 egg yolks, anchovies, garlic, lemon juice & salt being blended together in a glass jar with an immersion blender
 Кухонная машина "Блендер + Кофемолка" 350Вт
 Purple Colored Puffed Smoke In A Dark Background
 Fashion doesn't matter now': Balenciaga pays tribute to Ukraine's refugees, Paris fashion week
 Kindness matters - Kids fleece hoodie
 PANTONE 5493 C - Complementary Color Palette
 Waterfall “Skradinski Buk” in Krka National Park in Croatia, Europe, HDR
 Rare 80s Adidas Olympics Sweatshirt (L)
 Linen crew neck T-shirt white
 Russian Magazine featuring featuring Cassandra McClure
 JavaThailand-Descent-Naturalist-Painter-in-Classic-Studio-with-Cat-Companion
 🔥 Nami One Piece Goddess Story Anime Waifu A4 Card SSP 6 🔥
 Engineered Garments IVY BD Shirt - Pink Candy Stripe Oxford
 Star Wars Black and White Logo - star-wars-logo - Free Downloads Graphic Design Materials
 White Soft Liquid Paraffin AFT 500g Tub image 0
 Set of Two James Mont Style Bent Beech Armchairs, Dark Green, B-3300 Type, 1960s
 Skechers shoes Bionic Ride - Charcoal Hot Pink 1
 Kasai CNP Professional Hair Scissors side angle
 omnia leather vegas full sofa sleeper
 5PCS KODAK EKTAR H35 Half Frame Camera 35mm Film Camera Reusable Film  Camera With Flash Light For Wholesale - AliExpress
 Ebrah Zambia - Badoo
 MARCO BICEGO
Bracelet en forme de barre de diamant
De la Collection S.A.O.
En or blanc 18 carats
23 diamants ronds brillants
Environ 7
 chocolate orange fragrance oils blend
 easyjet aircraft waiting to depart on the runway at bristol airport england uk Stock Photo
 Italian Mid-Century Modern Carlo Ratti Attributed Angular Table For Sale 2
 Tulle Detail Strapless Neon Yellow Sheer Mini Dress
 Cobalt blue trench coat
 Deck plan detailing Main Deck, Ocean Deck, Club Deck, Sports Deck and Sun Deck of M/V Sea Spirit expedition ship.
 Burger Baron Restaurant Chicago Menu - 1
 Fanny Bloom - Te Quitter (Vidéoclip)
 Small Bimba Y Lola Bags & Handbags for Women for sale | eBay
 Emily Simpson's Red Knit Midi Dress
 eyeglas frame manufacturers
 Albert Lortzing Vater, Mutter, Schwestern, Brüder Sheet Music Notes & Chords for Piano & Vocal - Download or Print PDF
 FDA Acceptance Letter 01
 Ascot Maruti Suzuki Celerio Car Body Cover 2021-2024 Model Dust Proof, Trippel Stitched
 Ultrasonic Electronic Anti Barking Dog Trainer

§ **Exercise**
Each record is to be repeated word for word, with none skipped.

§ **Result**
 egg yolks, anchovies, garlic, lemon juice & salt being blended together in a glass jar with an immersion blender
 Кухонная машина "Блендер + Кофемолка" 350Вт
 Purple Colored Puffed Smoke In A Dark Background
 Fashion doesn't matter now': Balenciaga pays tribute to Ukraine's refugees, Paris fashion week
 Kindness matters - Kids fleece hoodie
 PANTONE 5493 C - Complementary Color Palette
 Waterfall “Skradinski Buk” in Krka National Park in Croatia, Europe, HDR
 Rare 80s Adidas Olympics Sweatshirt (L)
 Linen crew neck T-shirt white
 Russian Magazine featuring featuring Cassandra McClure
 JavaThailand-Descent-Naturalist-Painter-in-Classic-Studio-with-Cat-Companion
 🔥 Nami One Piece Goddess Story Anime Waifu A4 Card SSP 6 🔥
 Engineered Garments IVY BD Shirt - Pink Candy Stripe Oxford
 Star Wars Black and White Logo - star-wars-logo - Free Downloads Graphic Design Materials
 White Soft Liquid Paraffin AFT 500g Tub image 0
 Set of Two James Mont Style Bent Beech Armchairs, Dark Green, B-3300 Type, 1960s
 Skechers shoes Bionic Ride - Charcoal Hot Pink 1
 Kasai CNP Professional Hair Scissors side angle
 omnia leather vegas full sofa sleeper
 5PCS KODAK EKTAR H35 Half Frame Camera 35mm Film Camera Reusable Film  Camera With Flash Light For Wholesale - AliExpress
 Ebrah Zambia - Badoo
 MARCO BICEGO
Bracelet en forme de barre de diamant
De la Collection S.A.O.
En or blanc 18 carats
23 diamants ronds brillants
Environ 7
 chocolate orange fragrance oils blend
 easyjet aircraft waiting to depart on the runway at bristol airport england uk Stock Photo
 Italian Mid-Century Modern Carlo Ratti Attributed Angular Table For Sale 2
 Tulle Detail Strapless Neon Yellow Sheer Mini Dress
 Cobalt blue trench coat
 Deck plan detailing Main Deck, Ocean Deck, Club Deck, Sports Deck and Sun Deck of M/V Sea Spirit expedition ship.
 Burger Baron Restaurant Chicago Menu - 1
 Fanny Bloom - Te Quitter (Vidéoclip)
 Small Bimba Y Lola Bags & Handbags for Women for sale | eBay
 Emily Simpson's Red Knit Midi Dress
 eyeglas frame manufacturers
 Albert Lortzing Vater, Mutter, Schwestern, Brüder Sheet Music Notes & Chords for Piano & Vocal - Download or Print PDF
 FDA Acceptance Letter 01
 Ascot Maruti Suzuki Celerio Car Body Cover 2021-2024 Model Dust Proof, Trippel Stitched
 Ultrasonic Electronic Anti Barking Dog Trainer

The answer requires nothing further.